MS Research - The Women Who Support Us

On International Women’s day we would like to introduce you to three women without whom MS Research simply wouldn’t be able to achieve what we do. Our thanks and respect go out to Rosie, Laurence and Ollie for their hard work and commitment.

Dr Rosie Jones – Chairman

Rosie gained a PhD at Birmingham University Medical School as a Neuromuscular Physiologist and has had extensive active engagement in laboratory and clinical MS research and teaching. She has held posts at the University of Birmingham, University College London and at Bristol University and in the NHS in Bristol.

Between 2000 and 2009 she also headed up the Bristol Clinical Research Support Unit, a DH funded post supporting research activities in all Bristol’s hospital and community NHS Trusts.

Over the years her MS Research team has initiated successful bids for several million pounds in research funding from the EU, EPSRC, NIHR and a variety of charitable funds. She took over the role of Chairman for the charity in 2011 and hopes to grow its funding potential and research portfolio to encompass new areas of MS Research, Treatment & Education.

Mrs Ollie Pagington – Trustee

Ollie was born and raised in Bristol and has enjoyed various jobs in the local area. Ollie is now retired but continues to help her husband Brian manage his MS and give her spare time to MS Research as well as spending time with their grandchildren, baking and reading.
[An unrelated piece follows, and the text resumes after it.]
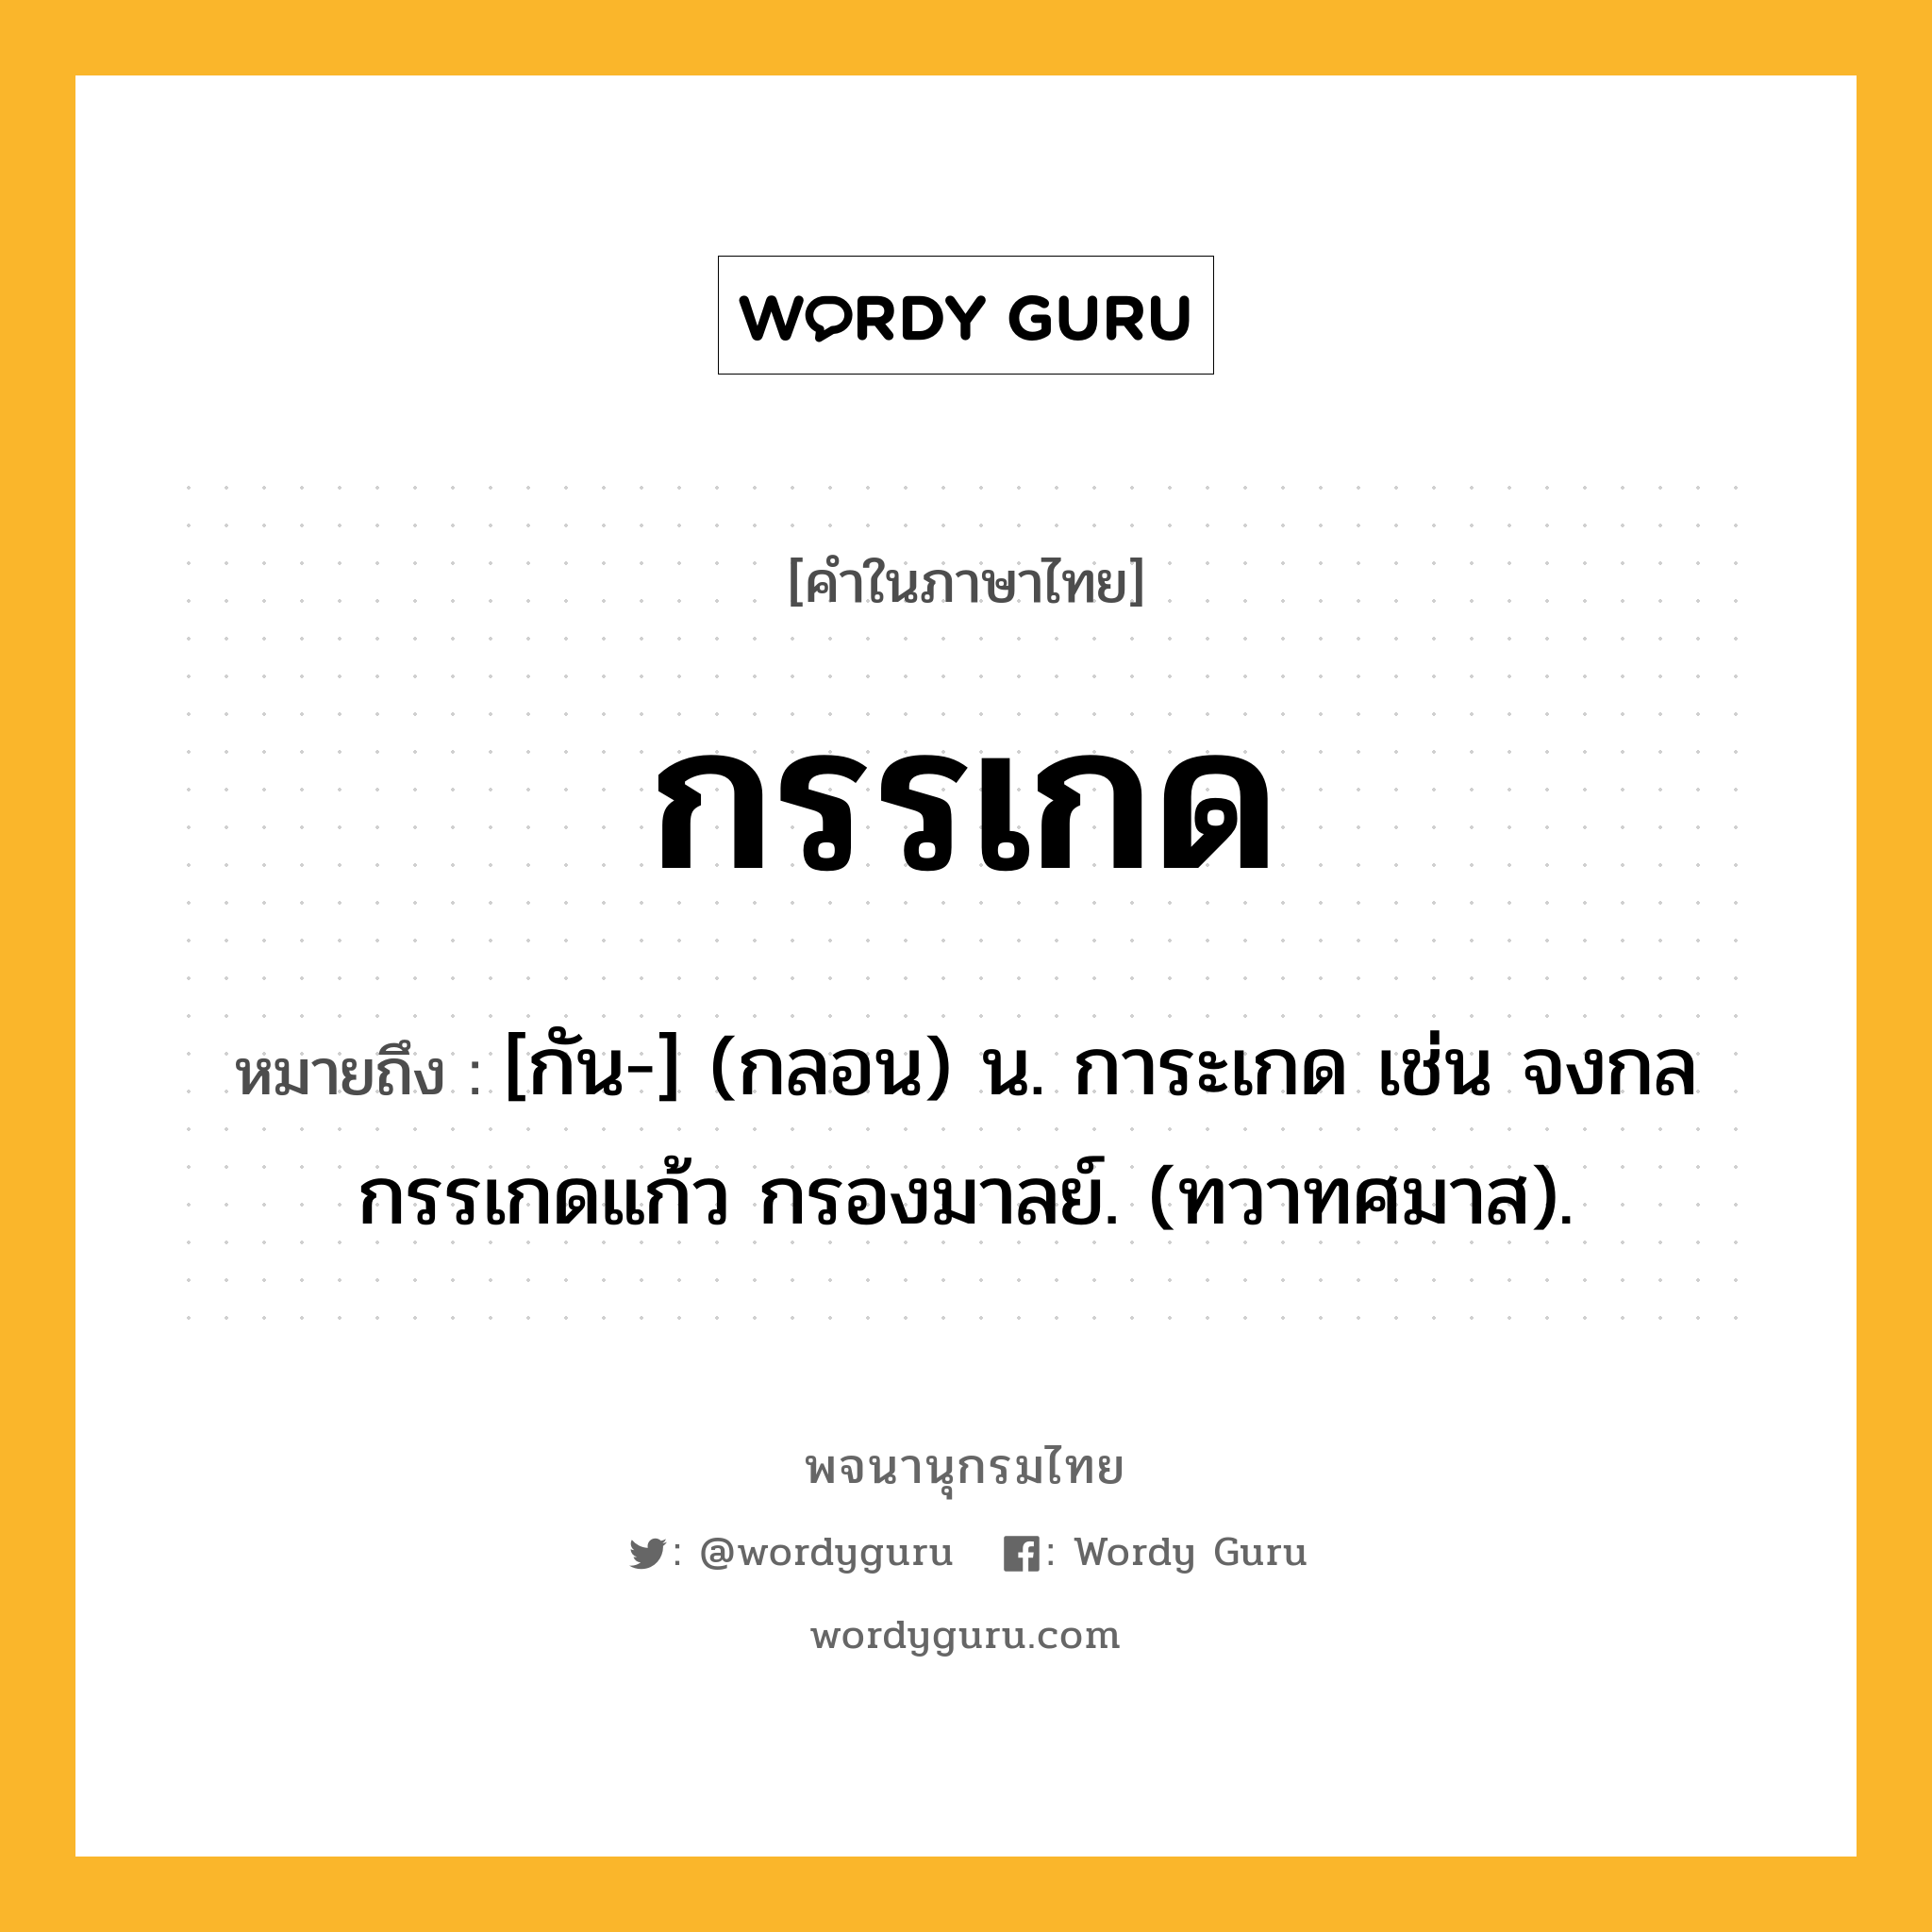 กรรเกด หมายถึงอะไร?, คำในภาษาไทย กรรเกด หมายถึง [กัน-] (กลอน) น. การะเกด เช่น จงกลกรรเกดแก้ว กรองมาลย์. (ทวาทศมาส).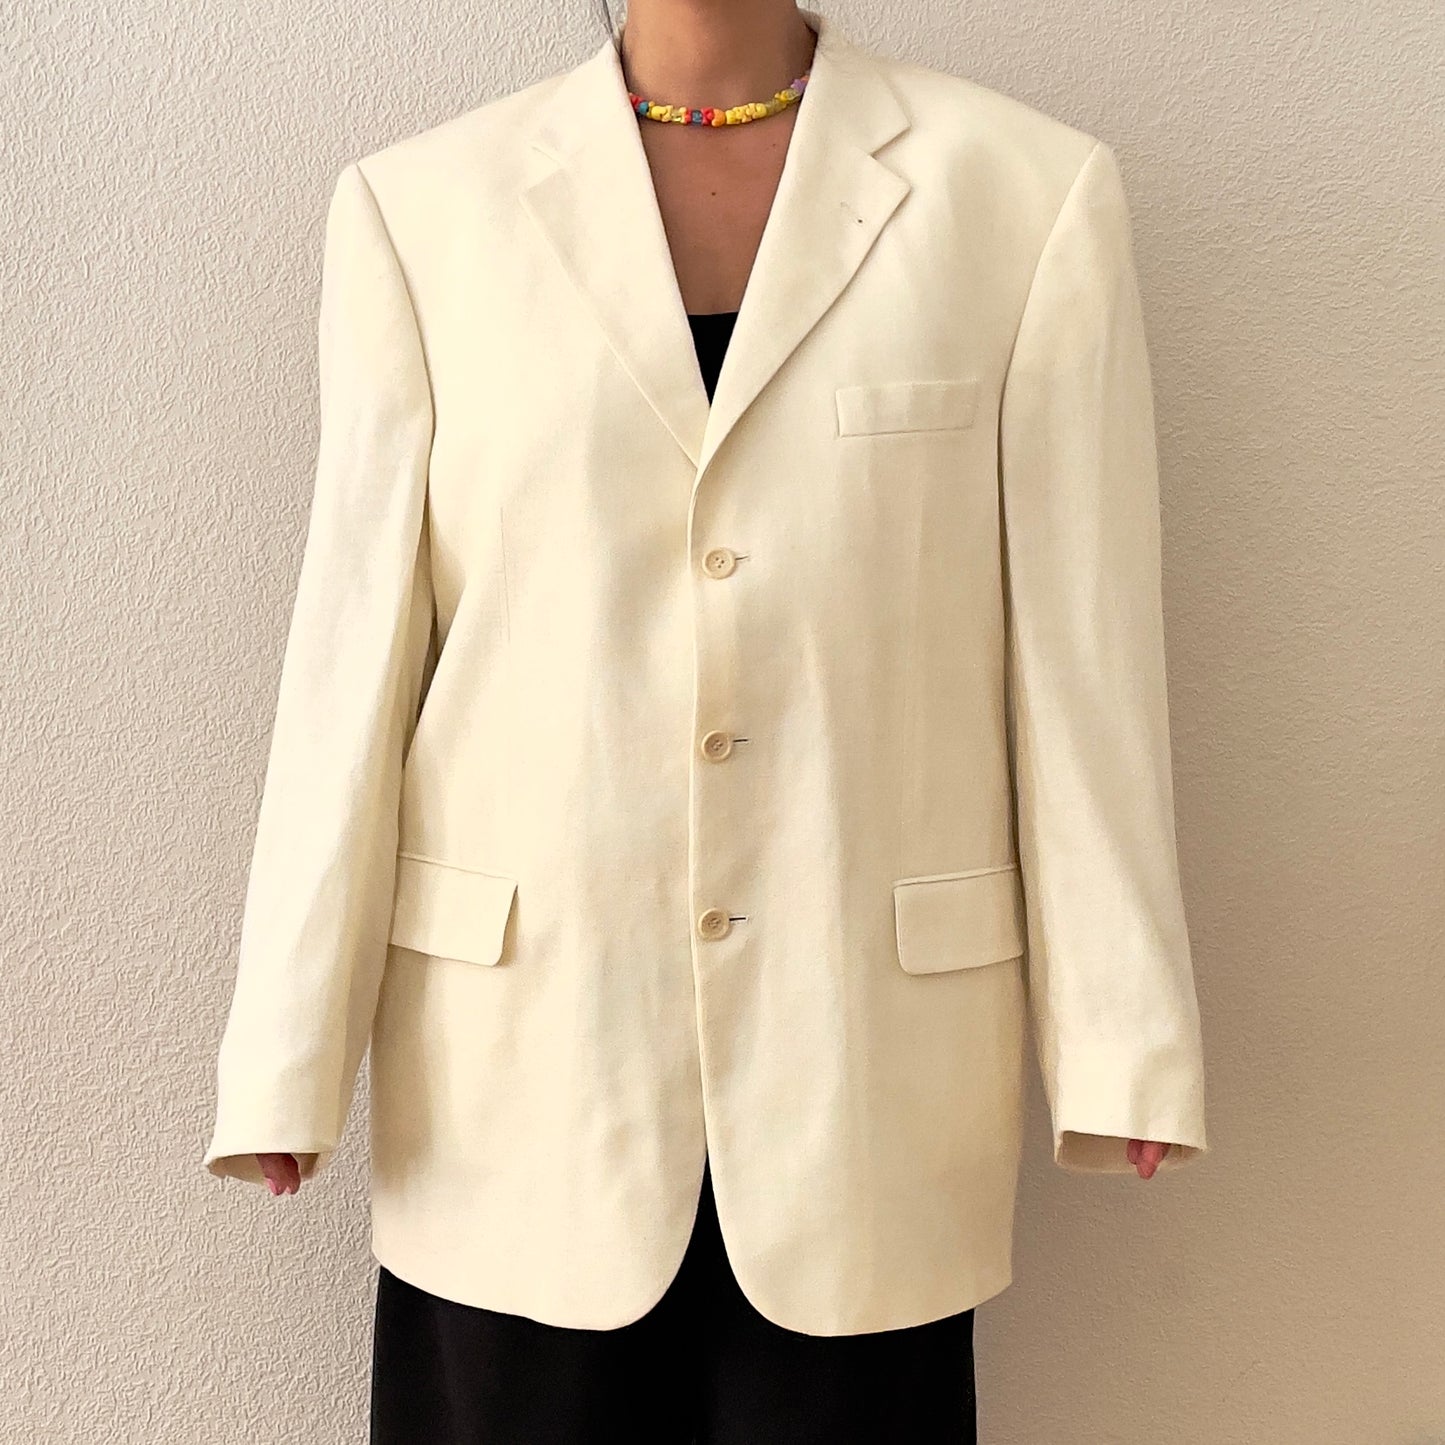 Off White Wool/Silk Blazer - Menswear

Both Ollie and Brian volunteer their time selflessly to help us raise funds for research as well as raise awareness into the daily repercussions of living with MS. Whether it be sitting for hours in supermarket foyers handing out information or dancing a highland fling on Burns Night their contribution to “seeing the back of MS” has been priceless.

Mrs Laurence Robb – Trustee

Laurence is an ex-teacher who came to England from France, married and never returned to her native country. She retired from teaching in 1995 but carried on working as a volunteer for Multiple Sclerosis causes with the MS Research Unit of Bristol University from home as well as volunteering to participate in research projects on Functional Electrical Stimulation (FES). She could not retire from MS.

She has tirelessly campaigned with local disabled groups on issues like access and services and successfully campaigned to support the Bristol MS Unit and to help to introduce and fund a post of Neurology Specialist Physiotherapist in Bath. This was the start of the Community Neuro and Stroke Service (now part of Virgin Care). She manages her personal care budget and MS mobility issues daily. She frequently contributes to the MS Research social media sites, paints and enjoys visiting landscaped gardens.